Kolom dapat dibagi jadi dua kelompok:
1) Kolom analitik: garis tengah dalam 2-6 mm. Panjang bergantung pada
jenis kemasan, untuk kemasan peliket biasanya panjang kolom 50-100 cm,
untuk kemasan mikropartikel berpori biasanya 10-30 cm.

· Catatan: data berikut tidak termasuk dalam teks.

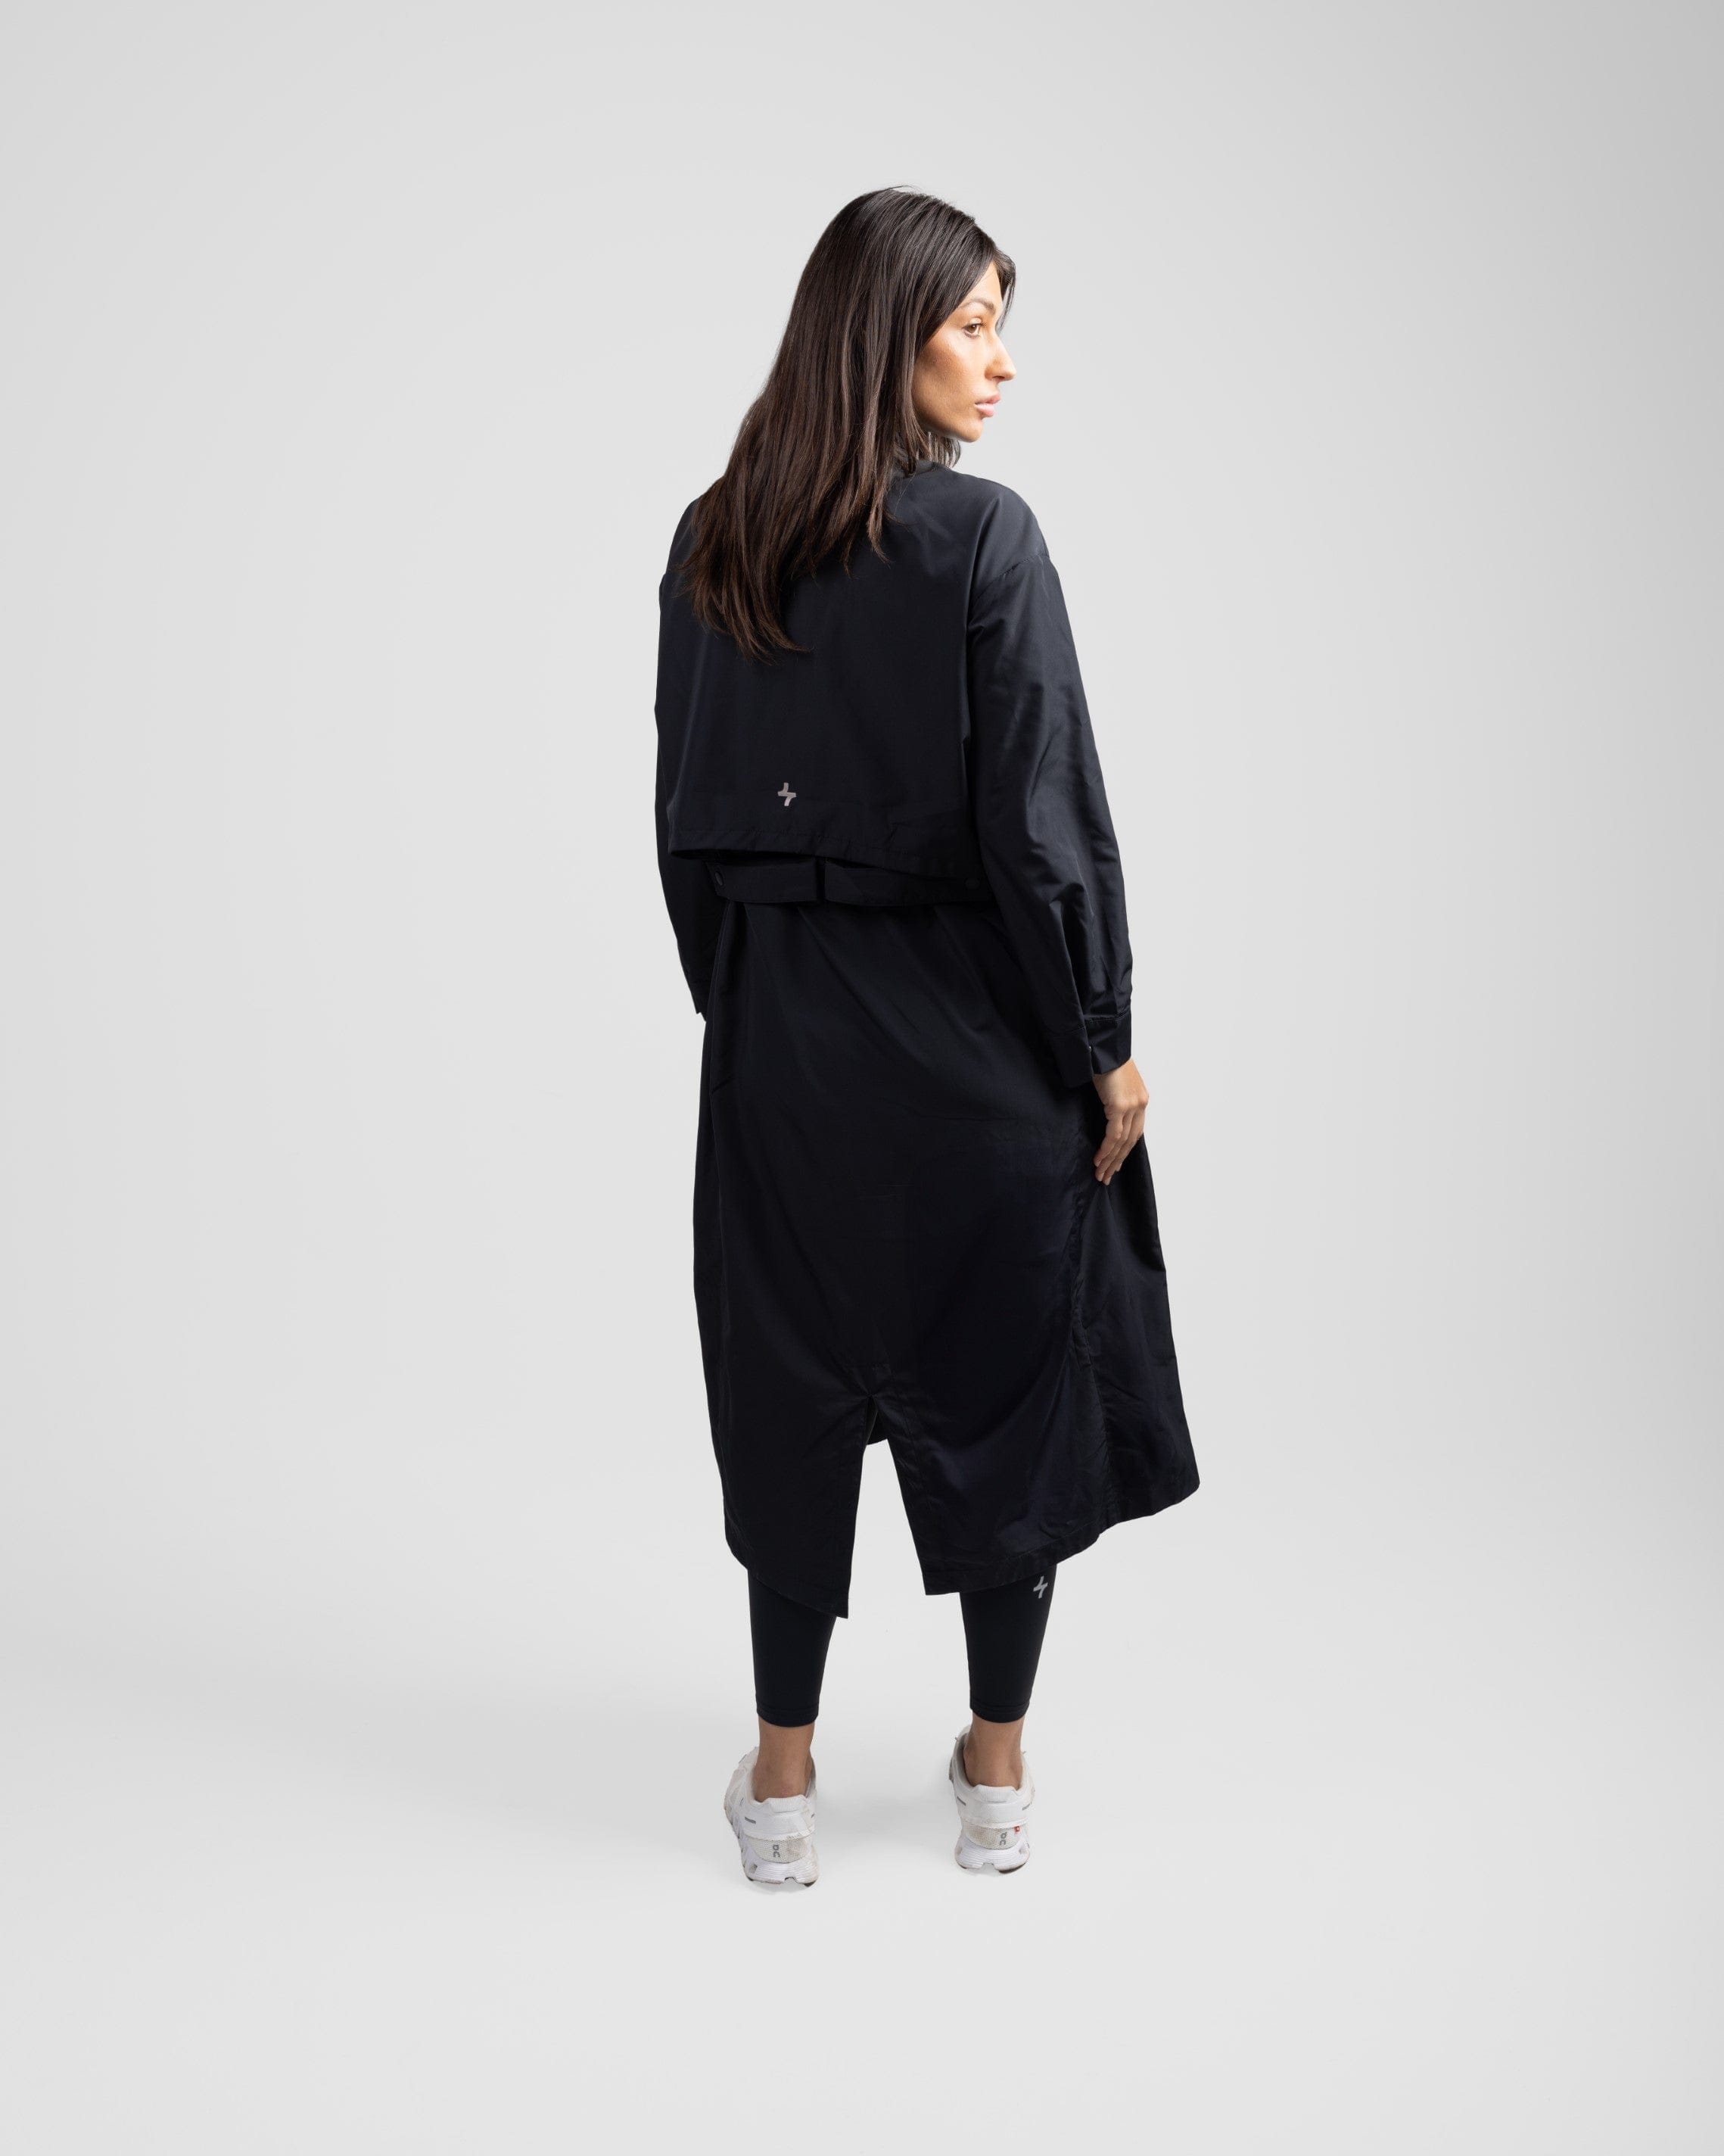 A model viewed from behind, turns her head to her left, wearing a stylish black modest MAK LIGHT PARKA by Qynda with a dual-direction zipper and sneakers, standing against a light gray background.

2) kolom preparatif: umumnya bergaris tengah 6 mm atau lebih besar dan
panjang 25-100 cm. Kolom hampir selalu terbuat dari baja nirkarat. Kolom
biasanya dipakai pada suhu kamar, tetapi suhu yang lebih tinggi dapat juga
dipakai, terutama dalam kromatografi pertukaran ion dan eksklusi
(Gandjar dan Rohman, 2007).
e. Detektor
Detektor diperlukan untuk mengindera adanya komponen cuplikan di
dalam efluen kolom dan mengukur jumlahnya. Detektor yang baik sangat peka,
tidak banyak berderau, rentang tanggapan liniernya lebar, dan menanggapi semua
jenis senyawa. Kita menginginkan pula detektor yang kurang peka terhadap
perubahan aliran dan suhu, tetapi hal itu selalu tidak terpenuhi. Detektor pada
KCKT dikelompokkan menjadi dua golongan yaitu :
1) Detektor universal yaitu detektor yang mampu mendeteksi zat secara
umum, tidak bersifat spesifik, dan tidak bersifat selektif seperti detektor
indeks bias dan spektrofotometri massa.
2) Detektor yang spesifik yang hanya akan mendeteksi analit secara spesifik
dan selektif, seperti detektor UV-Vis, detektor fluoresensi, dan
elektrokimia (Johnson, 1991; Rohman, 2007).
f. Komputer, Integrator, atau Rekorder
Alat pengumpul data seperti komputer, integrator , atau recorder,
dihubungkan dengan detektor. Alat ini akan mengukur sinyal elektronik yang
dihasilkan oleh detektor lalu memplotkannya sebagai suatu kromatogram yang
selanjutnya dapat dievaluasi olehs seorang analis (Gandjar dan Rohman, 2007).